A critical-severity vulnerability (CVE-2025-4322) was discovered in the popular Motors theme for WordPress, affecting all versions up to and including 5.6.67. This flaw allowed unauthenticated attackers to escalate privileges by resetting passwords for any user, including administrators, resulting in full site takeover.
Timeline of Disclosure and Exploitation
The vulnerability was reported in early May 2025 and publicly disclosed by Wordfence on May 20, 2025. A patch (version 5.6.68) was released by the theme developer, StylemixThemes, on May 14, 2025. Despite the patch, mass exploitation did not begin immediately. Instead, widespread attacks started several weeks after the public disclosure, as attackers leveraged proof-of-concept (PoC) code and automated tools to target vulnerable sites.
Nature and Impact of Exploitation
The vulnerability stemmed from improper validation of user identity during password updates, enabling attackers to change any account’s password, including those with administrator privileges. • Once an attacker gained administrative access, they could:
• Inject malicious scripts
• Steal user data
• Redirect visitors to malicious sites
• Install backdoors
• Modify download links to distribute malware
Over 22,000 WordPress sites using the Motors theme were at risk, with many actively targeted once mass exploitation began.

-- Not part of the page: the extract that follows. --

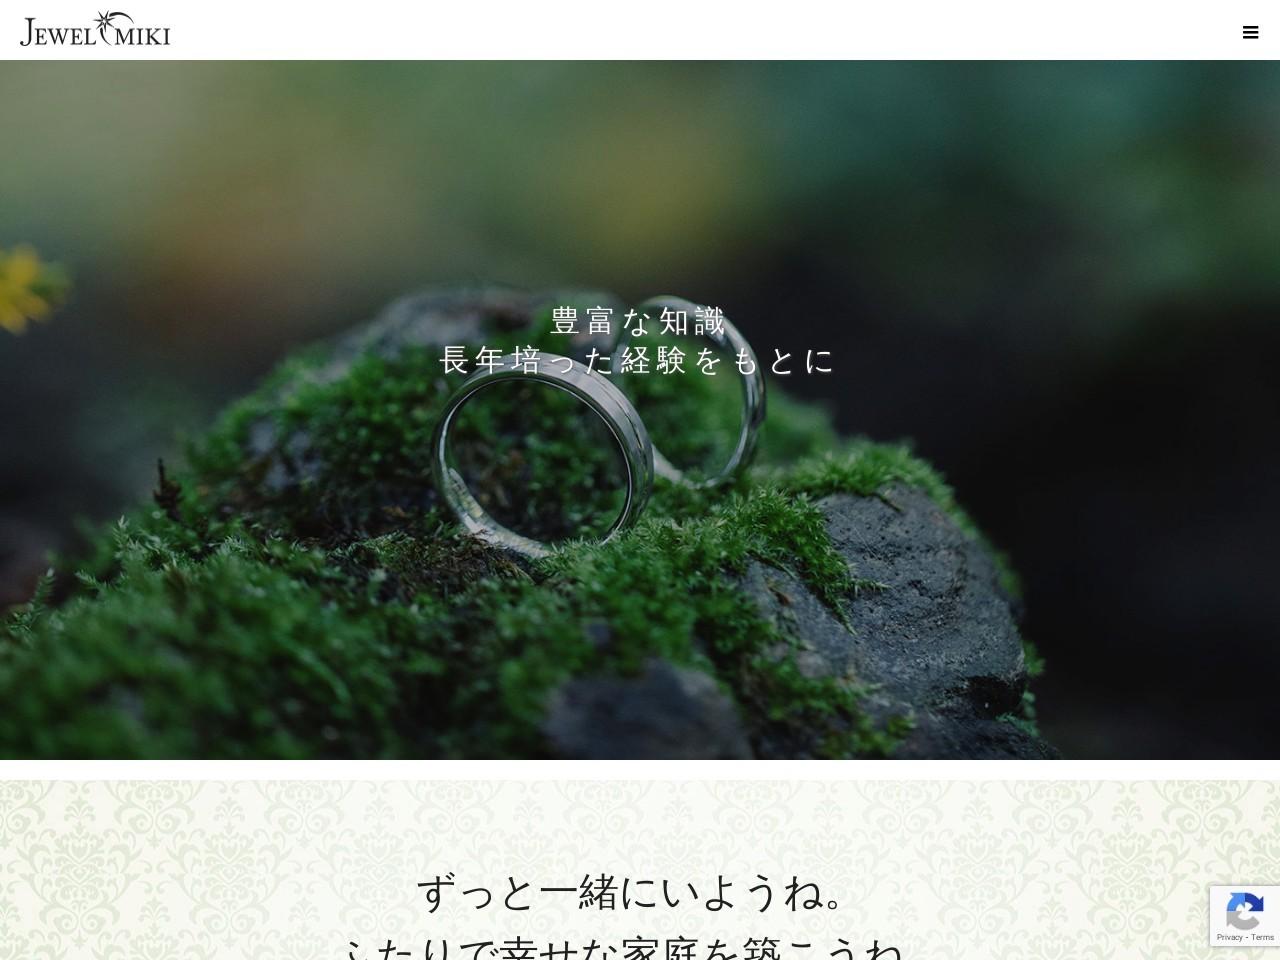 JewelMIKI(ジュエルミキ)大分店|鍛造結婚指輪(マリッジリング)、ダイヤモンド婚約指輪(エンゲージリング)、リフォーム、修理、買取のジュエリー専門店 | 鍛造結婚指輪(マリッジリング)、ダイヤモンド婚約指輪(エンゲージリング)、リフォーム、修理、買取のジュエリー専門店
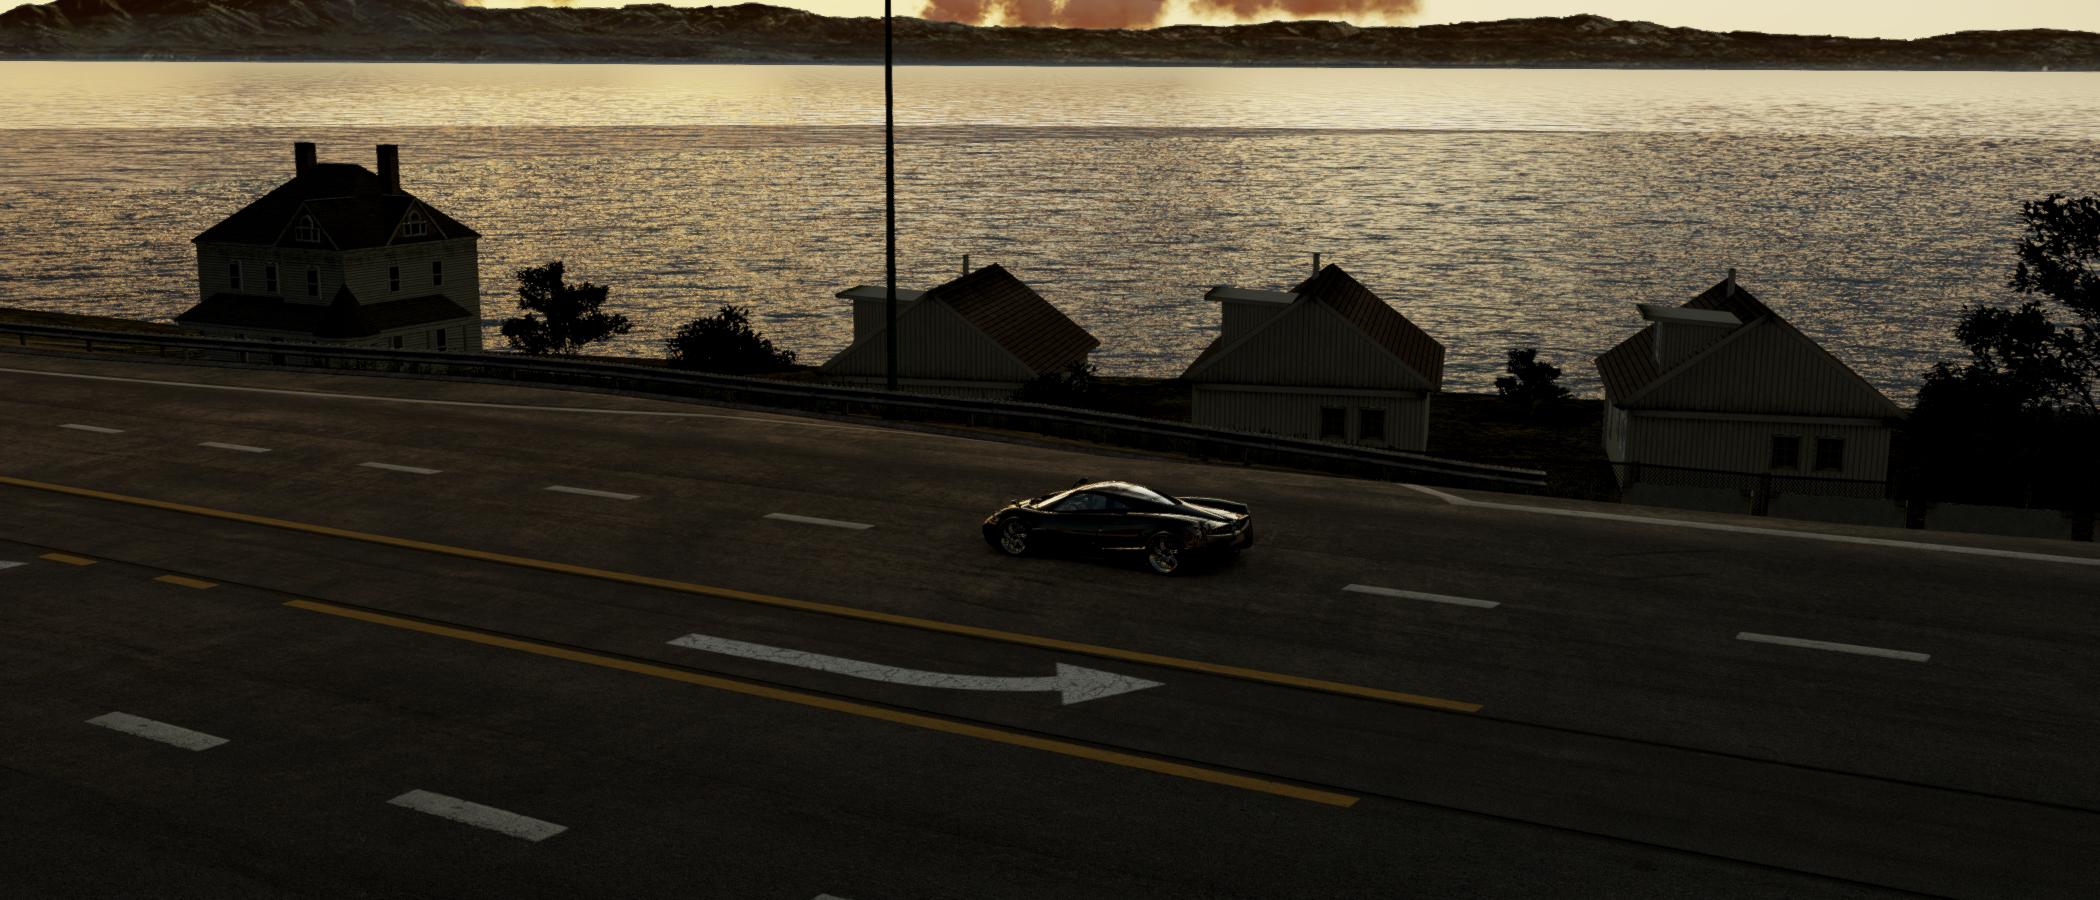 pcars2013-03-1814-43-d3qup.png

Contributing Factors to Delayed Mass Exploitation
The delay in mass exploitation, compared to immediate attacks seen with some plugin vulnerabilities, may be attributed to:
• The theme’s premium status (less ubiquitous than free plugins)
• The time required for attackers to weaponize PoC code and scale automated attacks
• Once exploits became widely available, attackers rapidly compromised unpatched sites.
Mitigation and Recommendations
• Users are strongly advised to update to Motors version 5.6.68 or later immediately, as themes cannot be easily disabled or swapped like plugins.